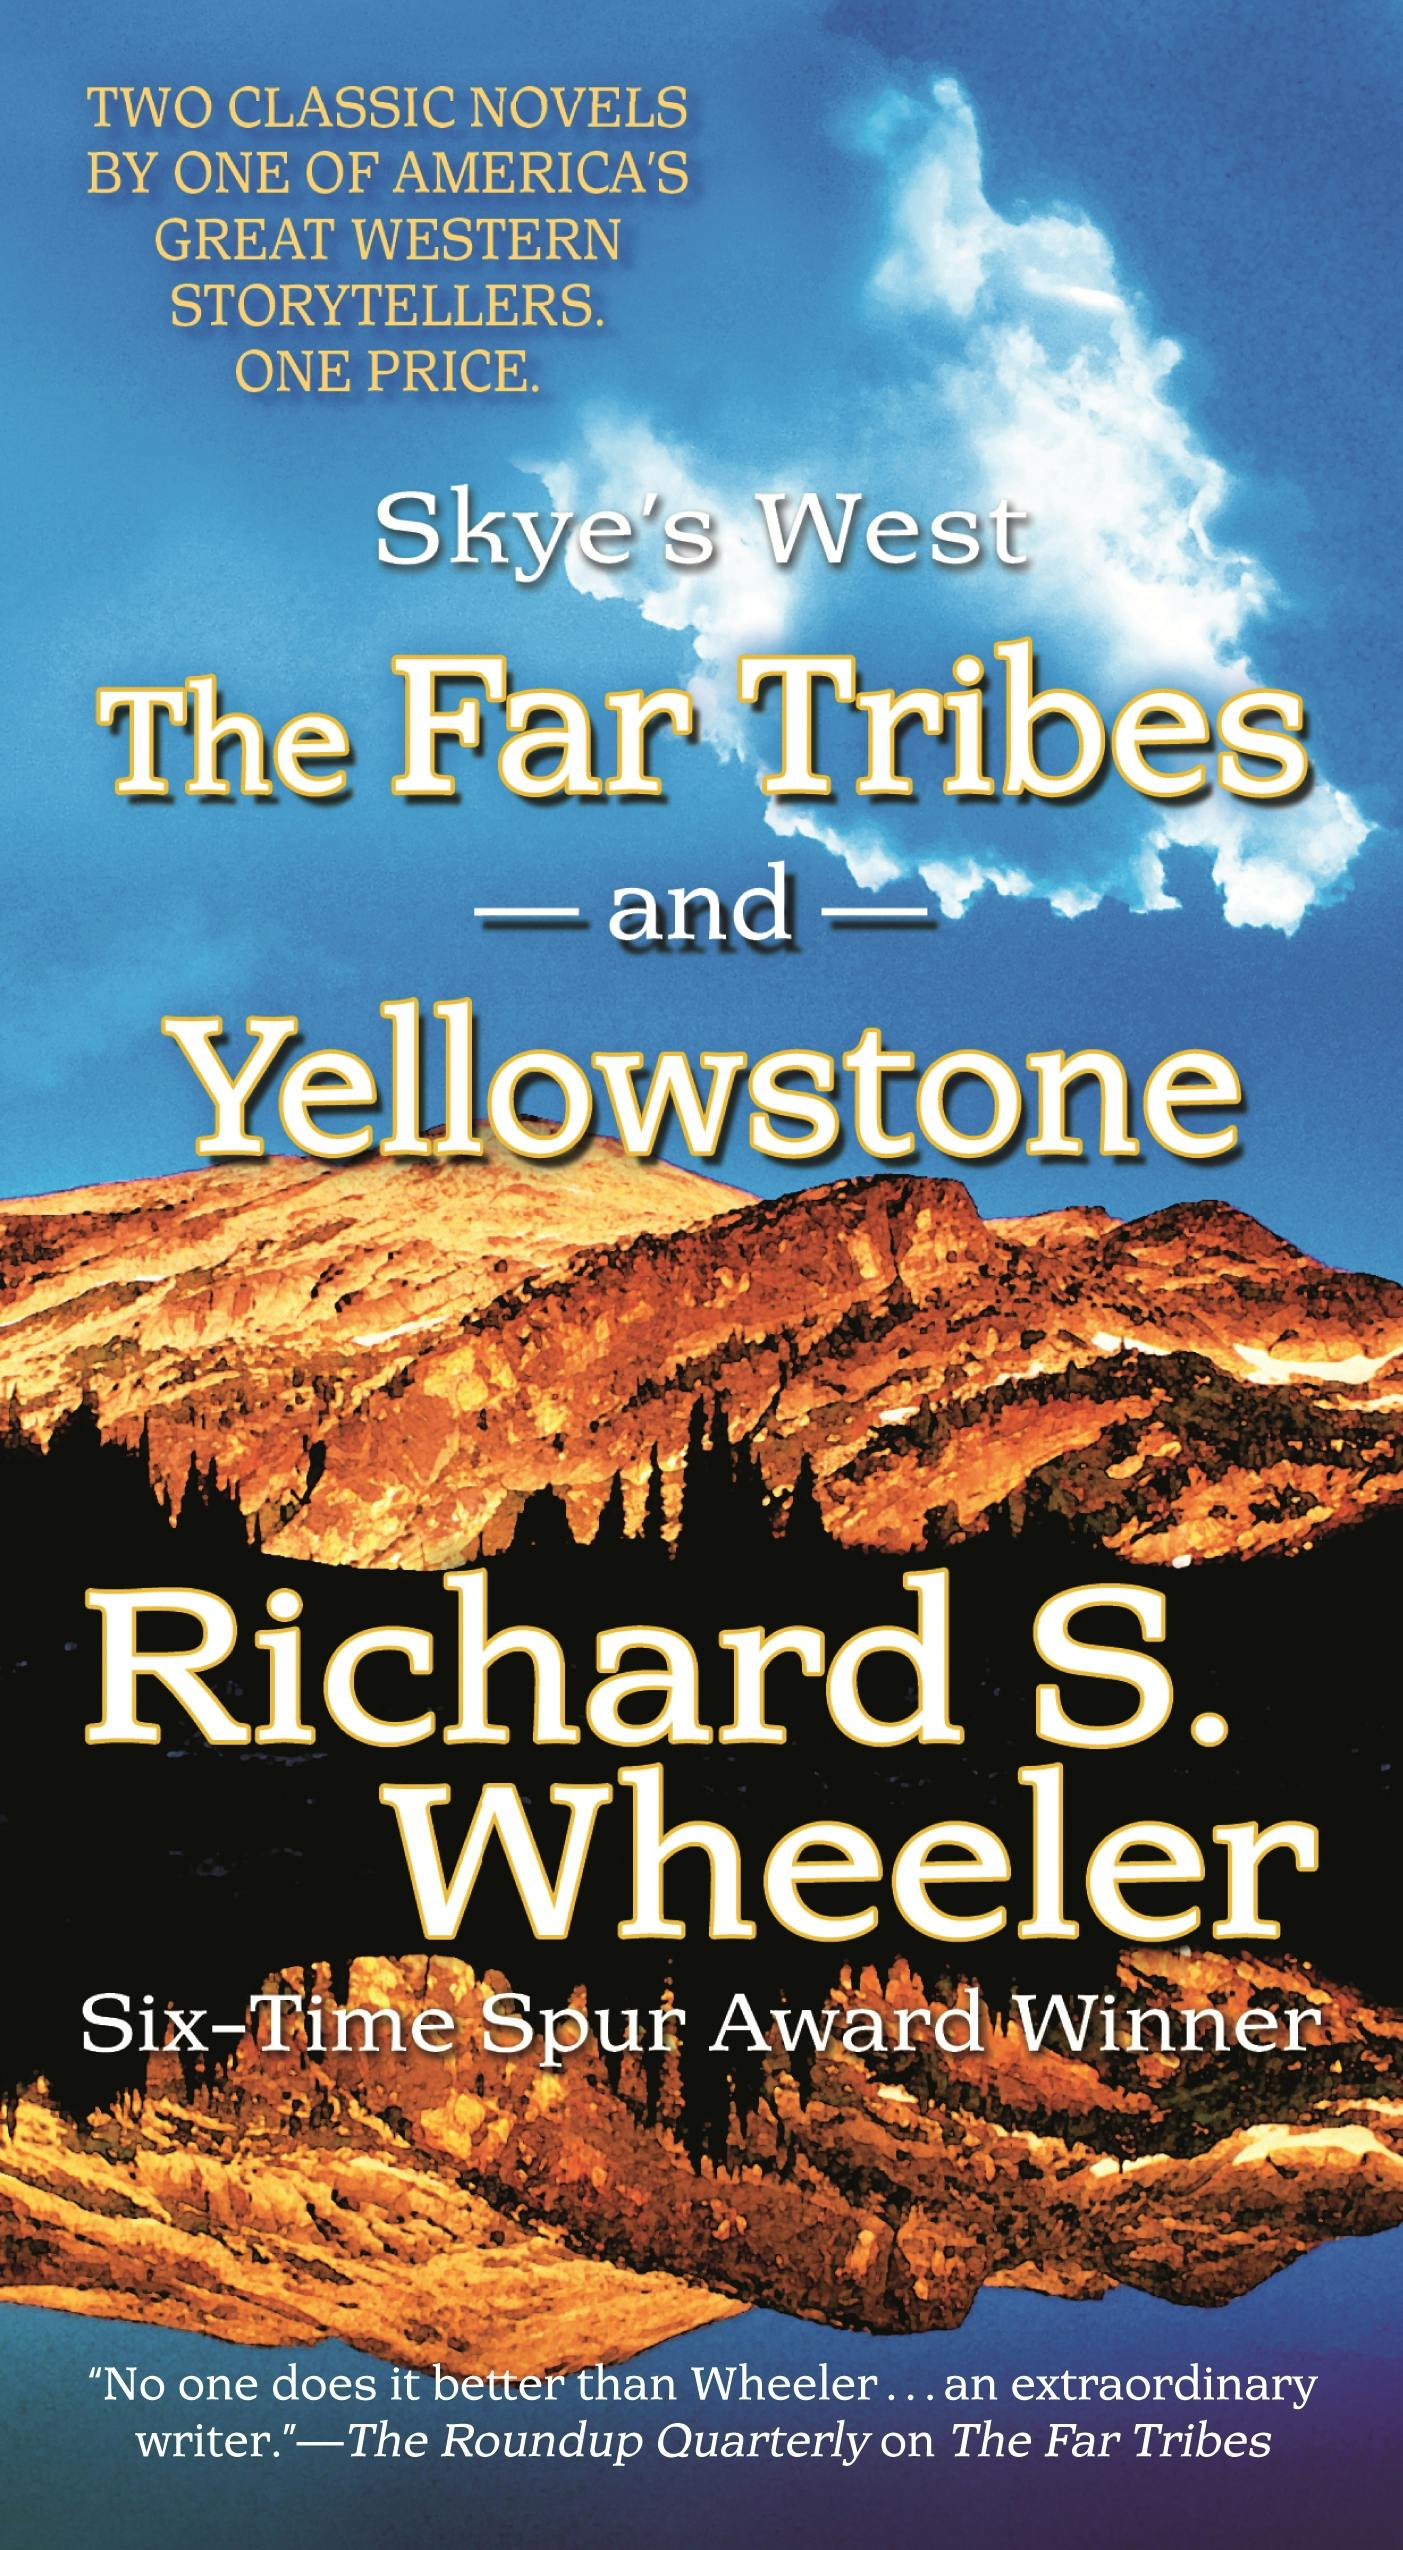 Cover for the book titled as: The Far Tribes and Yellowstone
= = = = = = =
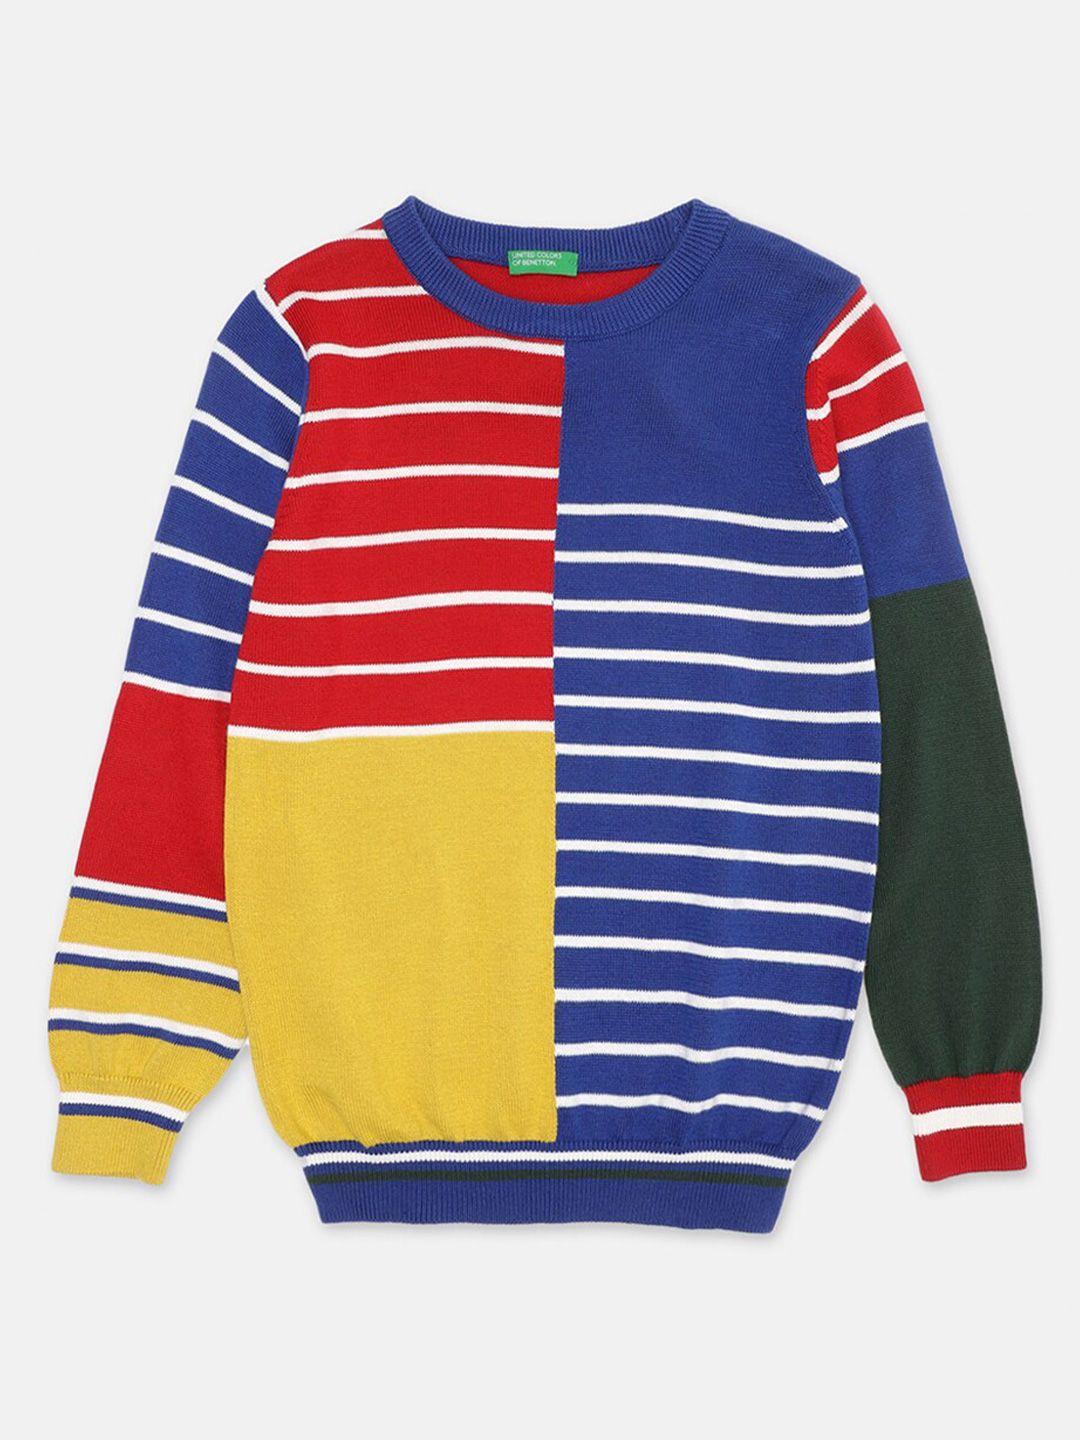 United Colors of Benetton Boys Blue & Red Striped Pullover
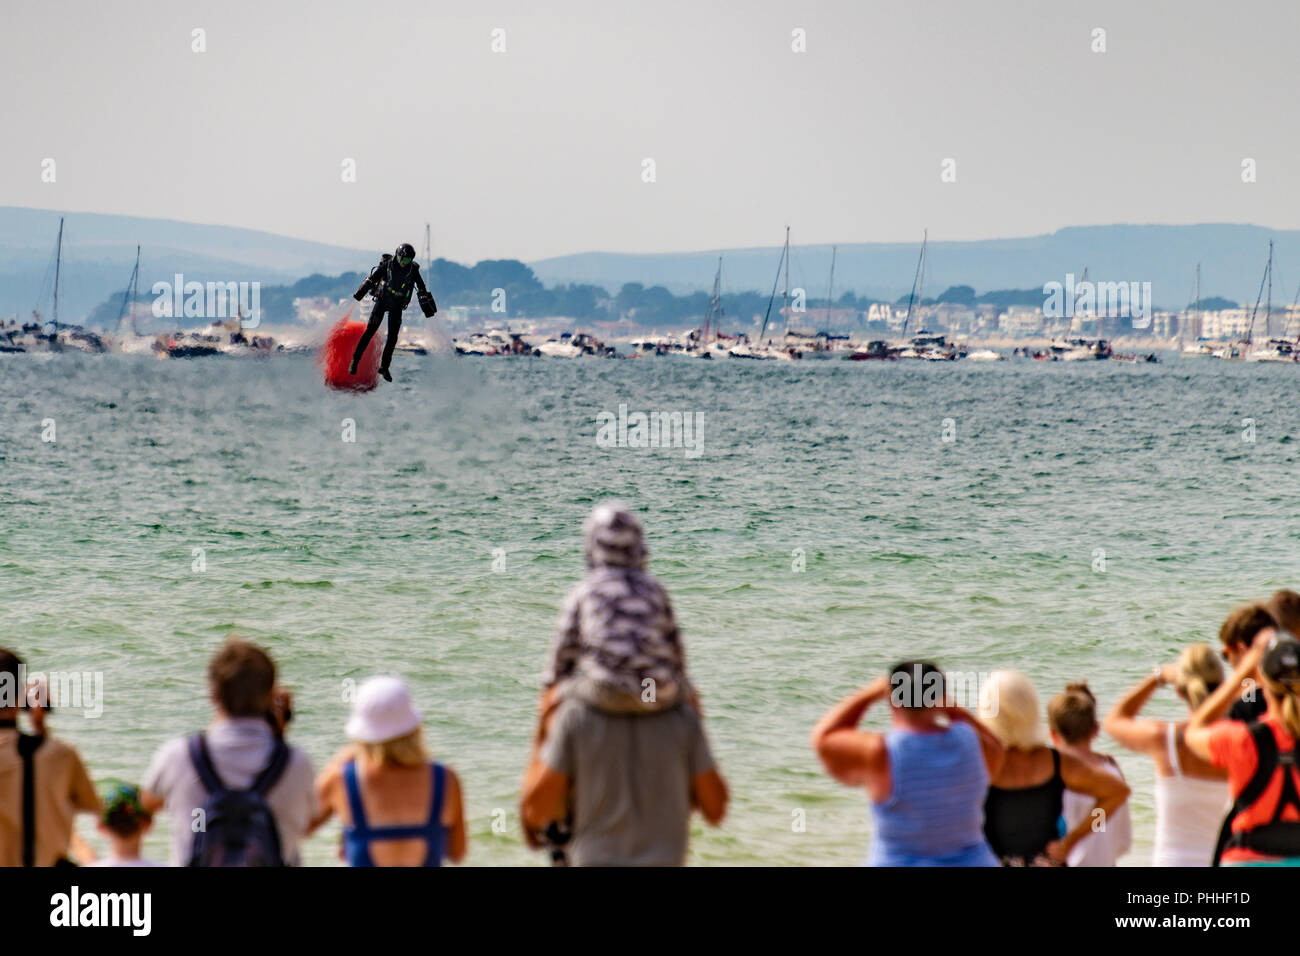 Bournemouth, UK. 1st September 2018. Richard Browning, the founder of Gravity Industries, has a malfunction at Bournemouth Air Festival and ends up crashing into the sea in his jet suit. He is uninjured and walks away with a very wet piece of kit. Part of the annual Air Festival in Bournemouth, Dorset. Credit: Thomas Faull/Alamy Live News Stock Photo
= = = = = = =
PROBLEM DESCRIPTION
Above are the records; restate exactly the lines from the one containing "United Colors of" through the one containing "Bournemouth, UK. 1st", keeping pictures out.

ANSWER BOX
 United Colors of Benetton Boys Blue & Red Striped Pullover
 Bournemouth, UK. 1st September 2018. Richard Browning, the founder of Gravity Industries, has a malfunction at Bournemouth Air Festival and ends up crashing into the sea in his jet suit. He is uninjured and walks away with a very wet piece of kit. Part of the annual Air Festival in Bournemouth, Dorset. Credit: Thomas Faull/Alamy Live News Stock Photo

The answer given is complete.